Guardian Life recently rolled out the program, Enrollment Works, which offers educational information and news, and an application to allow visitors to calculate how much they would be paying for their health benefits to determine if they need the various add-ons and plans.

“The combination of digital, mobile applications and Web content helps us make positive inroads,” says Robert Guay, SVP of marketing at Digitas, which handles marketing for Aflac. “Direct offers an opportunity to explain the true benefit of insurance to people and our particular brand of insurance in ways we can’t get done in 30 seconds of television or in a display ad.”

Guay describes direct as one tier of Aflac’s marketing efforts, approached alongside higher-level brand affinity efforts.

“In our organization, we focus not just on the response rate, but also on the long-term view — will this prospect develop into a loyal customer or not?” says Neeraj Arora, assistant VP of customer experience at Farmers Insurance Group.

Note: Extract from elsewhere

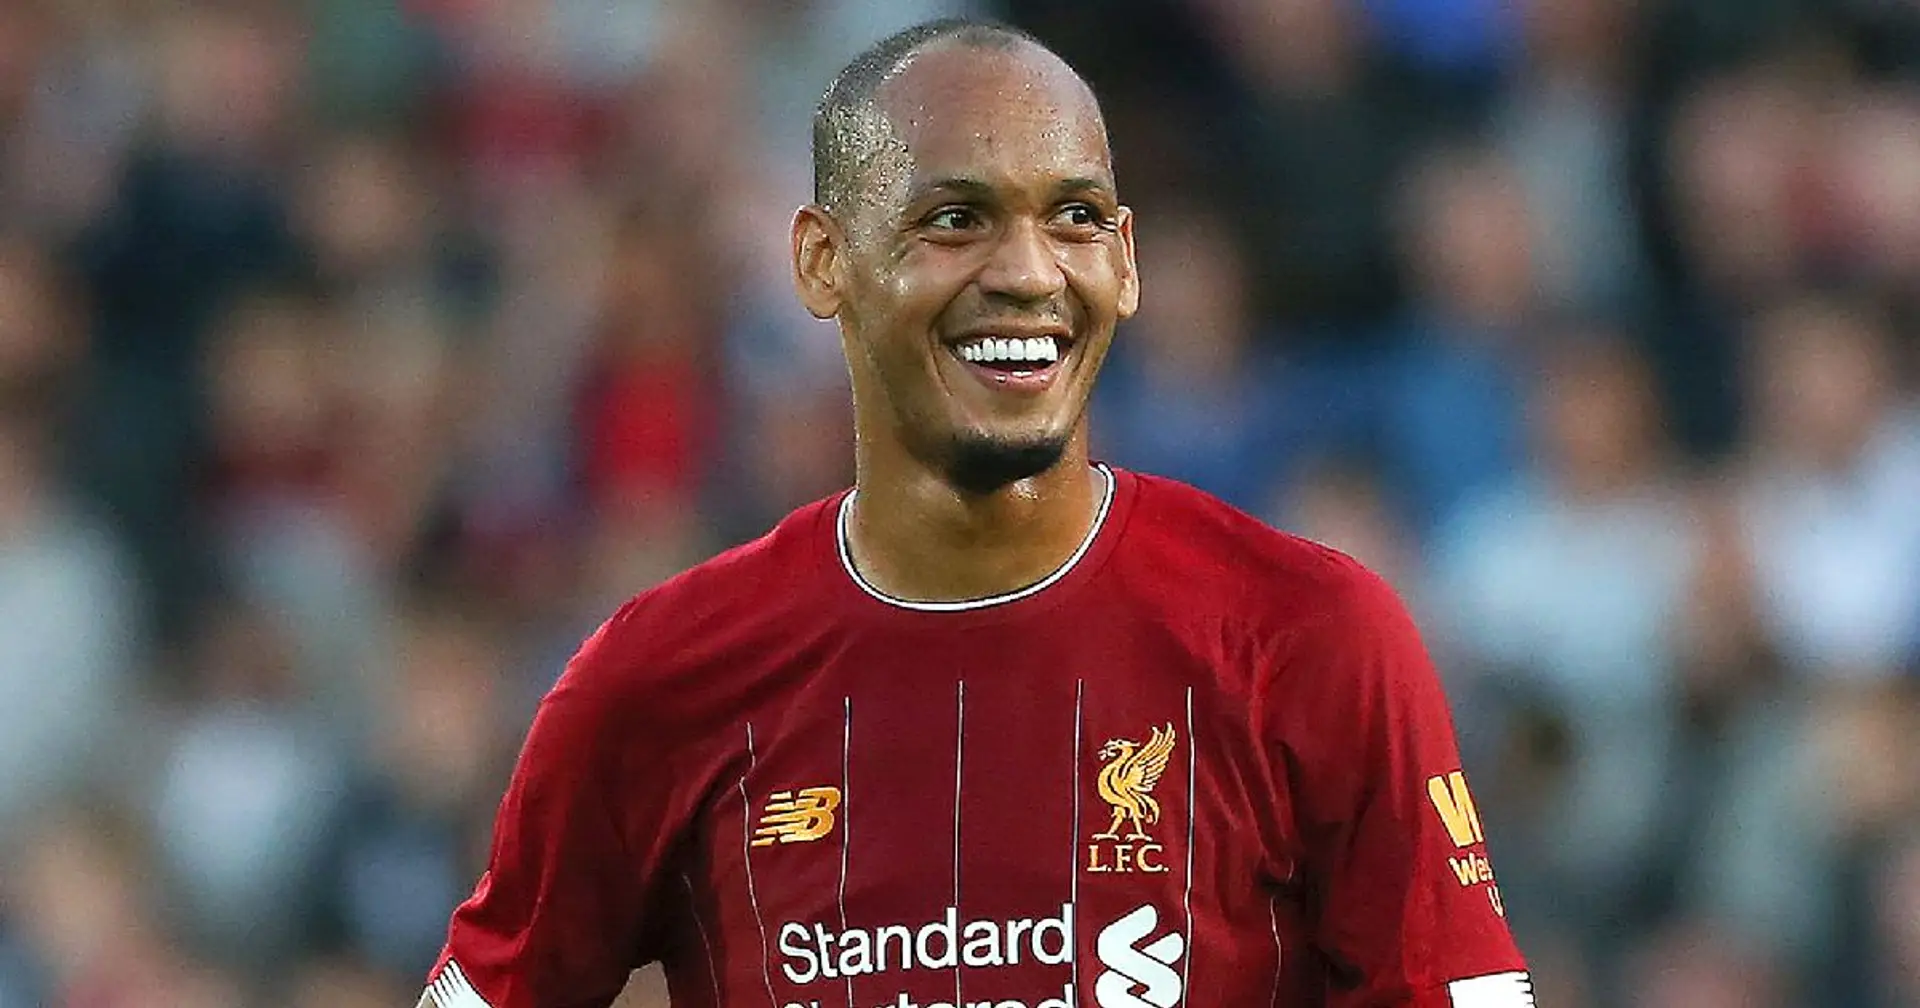 Journalist explains how Liverpool would have missed out on transformational Fabinho signing if not for transfer error

Farmers uses SAS software to analyze customer lifetime profitability by tracking demographic and psychographic data. Since applying this approach and incentivizing agents based on the findings, the company has witnessed a 14% increase in its internal rate of return.

Insurance marketers are also able to tailor their messaging by partnering with third parties. American National Insurance Company does most of its business with financial institutions like Wells Fargo and Bank of America, as well as smaller regional banks and credit unions.

On the direct mail side, which is 80% of the company’s business, American National trades on the relationship the customer has with the sponsoring brand. American National has credit cards, mortgage and checking account customers, and so the message varies slightly depending on what type of account holder they are targeting.

This kind of partnership requires a careful balance, tailoring communications not only for the account holder, but for the demands of the sponsoring organization.

“While we might be really aggressive in the broad market, we can’t be quite as aggressive with the bank customers as we’d like to be sometimes,” says Richard Katz, VP of direct marketing and sales at American National Insurance Company.